1. He cannot get set up with the main program when I leave. He will not have enough employees to make it work plus he must have someone with over 2 years experience in that program. He would keep me on just to benefit for that program...which is the one I tried to get him set up with when I first started so that I could benefit from it as well.

2. He would blame me for anything that she may screw up on OR wasn't done during my hour a day. I bet you he would leave me almost everything that he wouldn't want to do and what she couldn't (which is 90% of the job)

3. He would like to keep my referral base. I know that once I leave here that I really don't need my referral base because I am going into a different field, but he would profit off of my people. I have FRIENDS in this business that I could refer this people to. Not someone who has made me miserable for a long time.

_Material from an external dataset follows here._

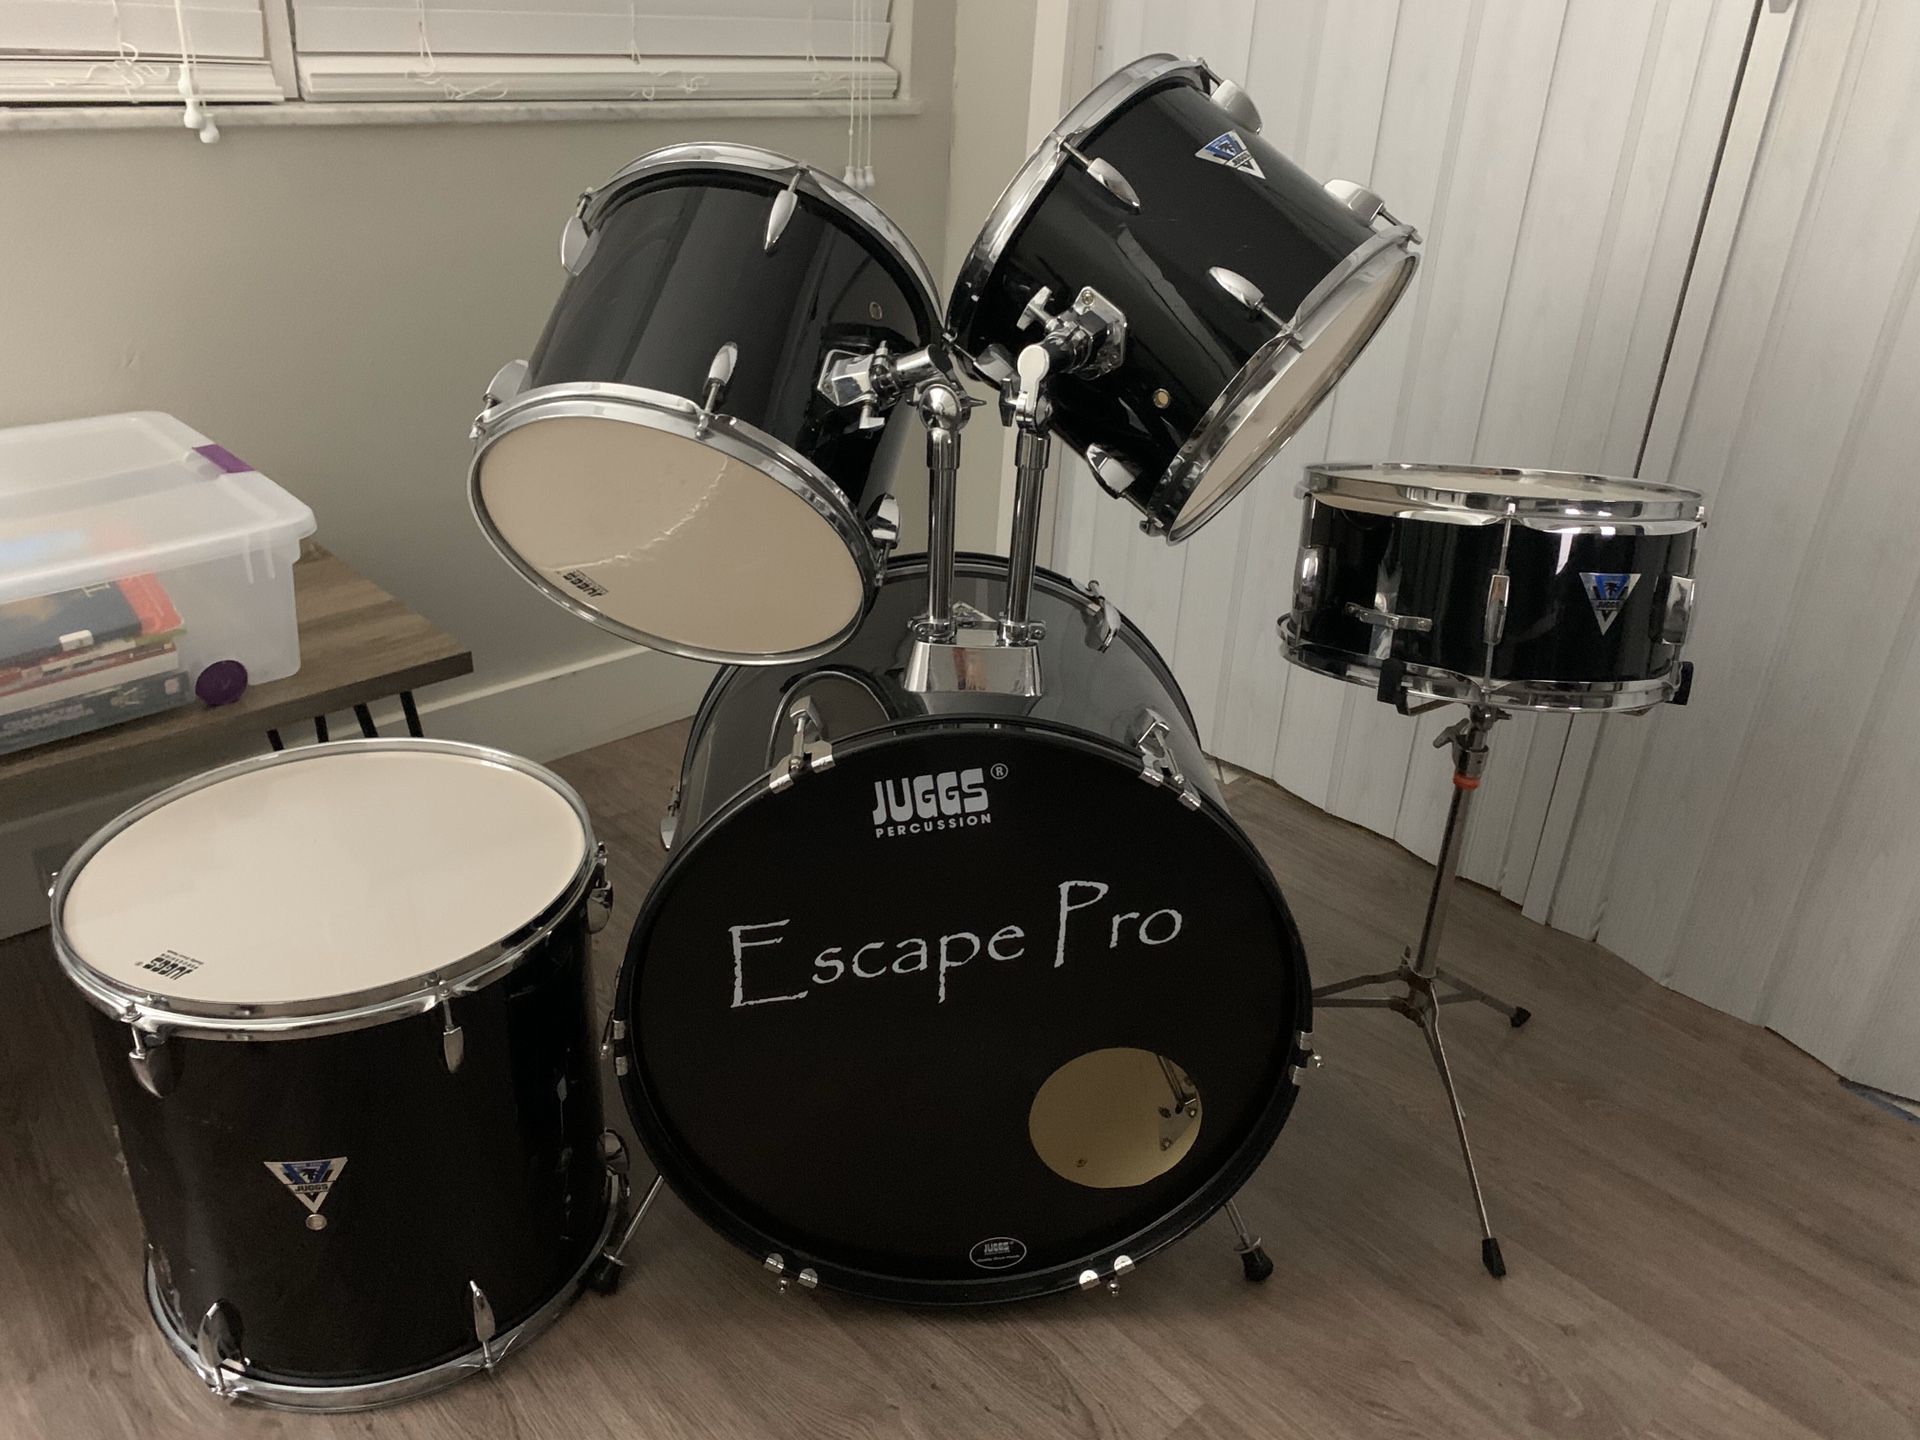 Escape pro drums

4. He wouldn't want to explain why I left. How can he tell all these people that have known him for years that I left for a BETTER job?? Because his big thing has been...."you will never find a company any better to work for in this town making this amount of $$". I found the only other possible company that pays just as well. :wink: He's so full of himself!

5. Lastly, because he needs to understand that he drove the best thing he had away. I would NEVER of thought leaving here if I were treated right. He needs to realize that he can't do what he wants and just think people will put up with it.

I will listen to what he offers and who knows, I may be able to milk him for a lot, BUT it will be on MY TERMS! Not his! Which is what all of you are saying! Of course, I will keep you posted.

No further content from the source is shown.